Editorial: We have a right to know

December 4, 2010
Issue 
Julian Assange.

Wikileaks and its founder Julian Assange have made some powerful enemies. US Secretary of State Hillary Clinton has accused Wikileaks of putting the world in danger and Australian PM Julia Gillard has said its activities are illegal.

In the US, Wikileaks has been denounced as a terrorist organisation and there have been calls for Assange to be either prosecuted, kidnapped or simply assassinated.

This has not just been in the ravings of far-right Fox News shock jocks, but from media and prominent politicians across the mainstream political spectrum. A former adviser to Canadian PM Stephen Harper suggested killing him (and presumably anyone close by) with a drone strike.

US officials are preparing a prosecution under the Espionage Act and the US Congress is preparing legislation designed specifically to stop Wikileaks.

The liberal media have held forth that Wikileaks’ “irresponsible” revelations have harmed diplomacy and endangered lives. They accuse Wikileaks of going beyond the acceptable limits of investigative journalism.

Yet Wikileaks is doing precisely what investigative journalists are supposed to do, but generally don’t.

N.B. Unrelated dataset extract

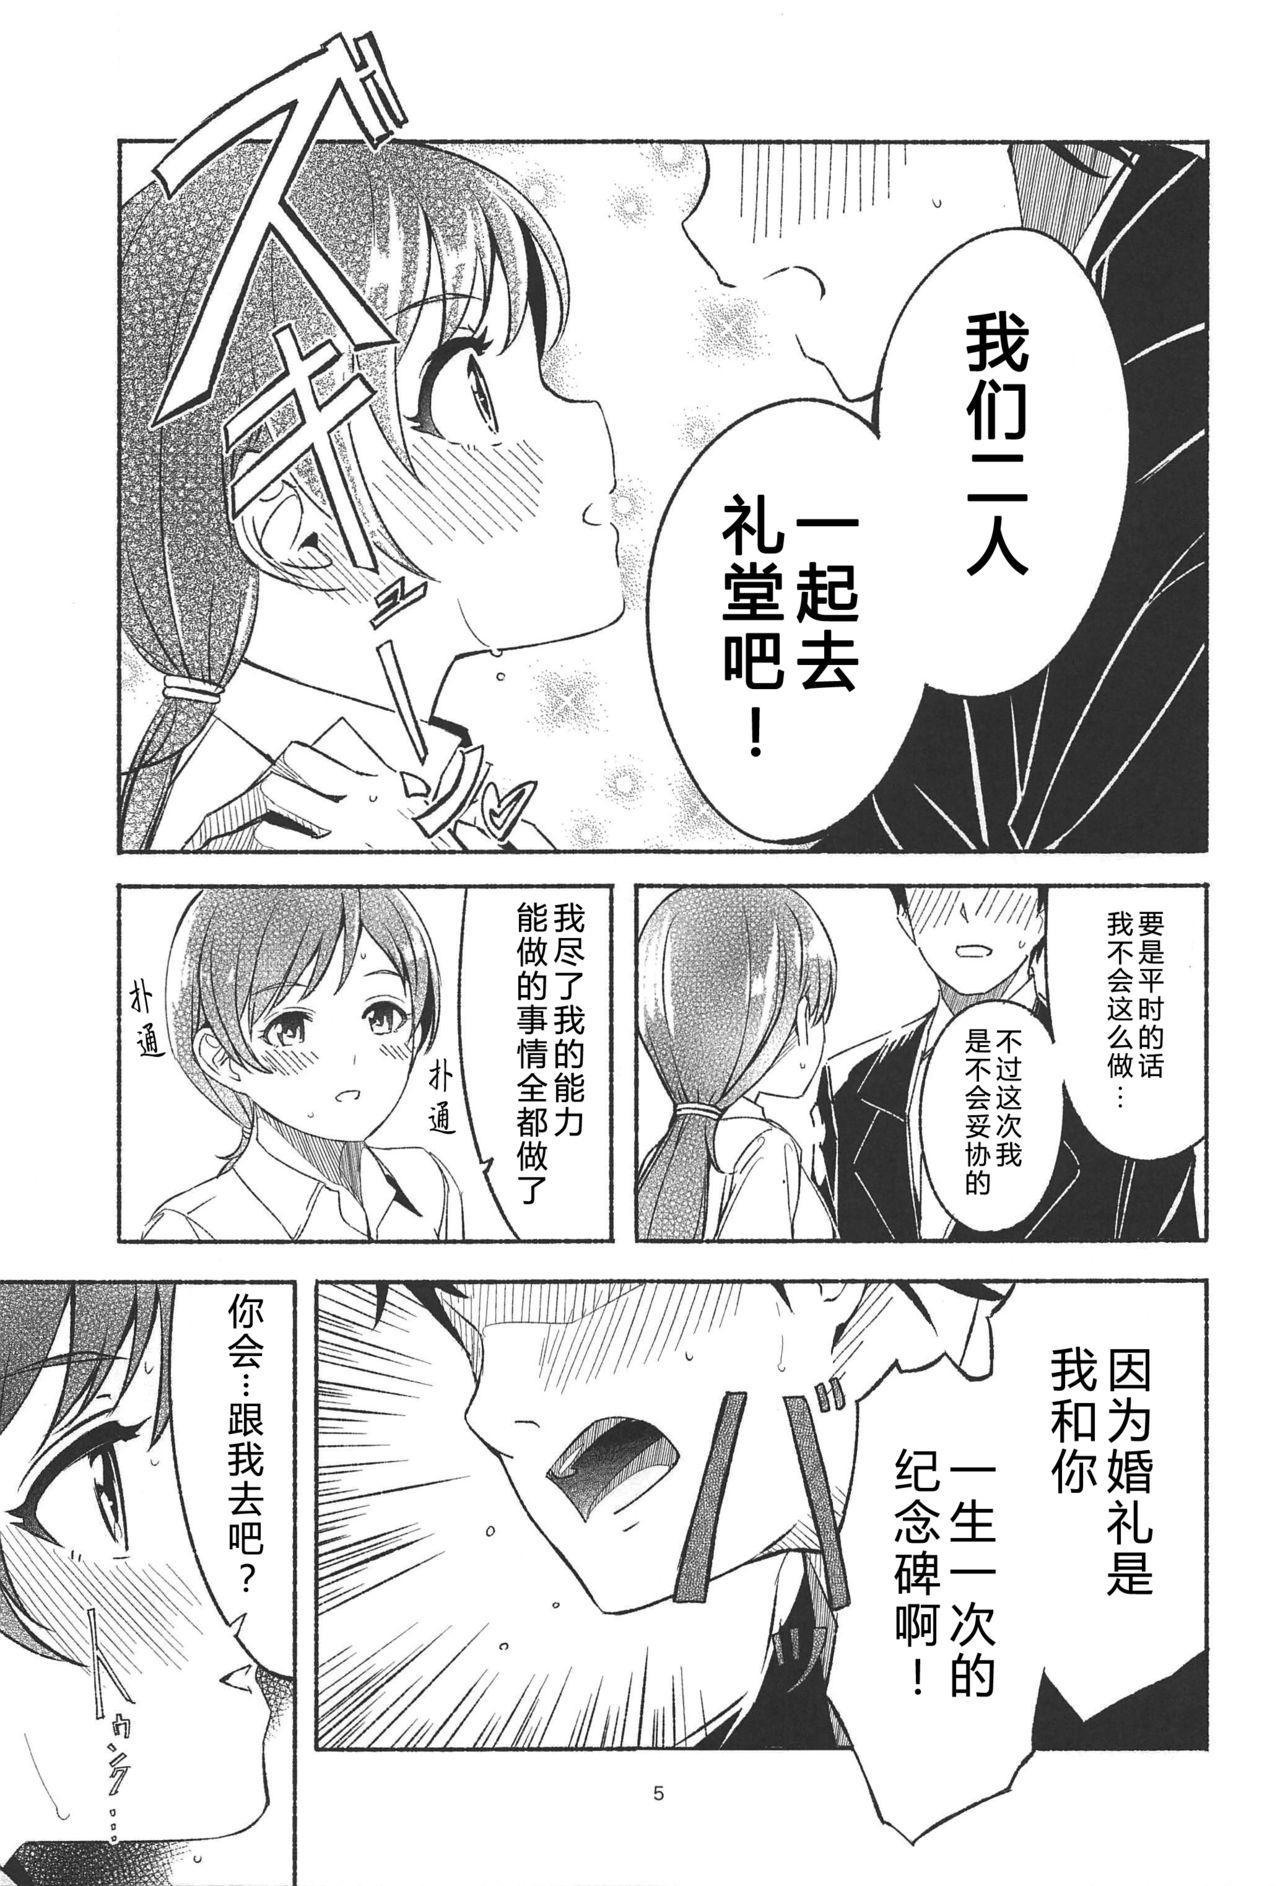 Nagisa no Hanayome 6

It has exposed abuses of power that hide behind the veil of government secrecy.

It is the US government’s spying on UN officials and diplomats that is illegal, not Wikileaks’ exposure of it.

Likewise, the catalogue of illegal abductions and torture, war crimes, corruption and subversions of democracy revealed by Wikileaks shows criminality on the part of the US and other governments.

This is why they are now baying for Assange’s blood.

The notion — promoted by “responsible” journalists — that secrecy is a necessary part of diplomacy is profoundly undemocratic.

Far from endangering lives, Wikileaks’ revelations put a spotlight on the appalling loss and destruction of life that is routinely hidden by Western governments.

One revelation — that the US knew, while pretending not to know, the extent of the Sri Lankan state’s violence against Tamils during and after the 2009 military offensive — is enough to show that official secrecy, not its exposure, really endangers lives.

Wikileaks has undoubtedly damaged US political interests, as well as those of several other regimes.

Wikileaks has said its next project will involve exposing the secrets of banks and other corporations.

Making enemies of the world’s most powerful entities comes at a price. Assange is still free at the time of writing, but he may soon face arrest.

Meanwhile, Bradley Manning, a US army private disillusioned by human rights abuses in Iraq and accused of leaking military secrets to Wikileaks, has been held in solitary confinement since May.

Regardless of whether he did what he is accused of, Manning is an innocent person held by criminals.

Supporters of democracy and opponents of violence and corruption must call for Manning to be released, for the threats against Assange to stop. But most importantly, we need an end to the military, government and corporate secrecy behind which the rulers of the world hide their crimes.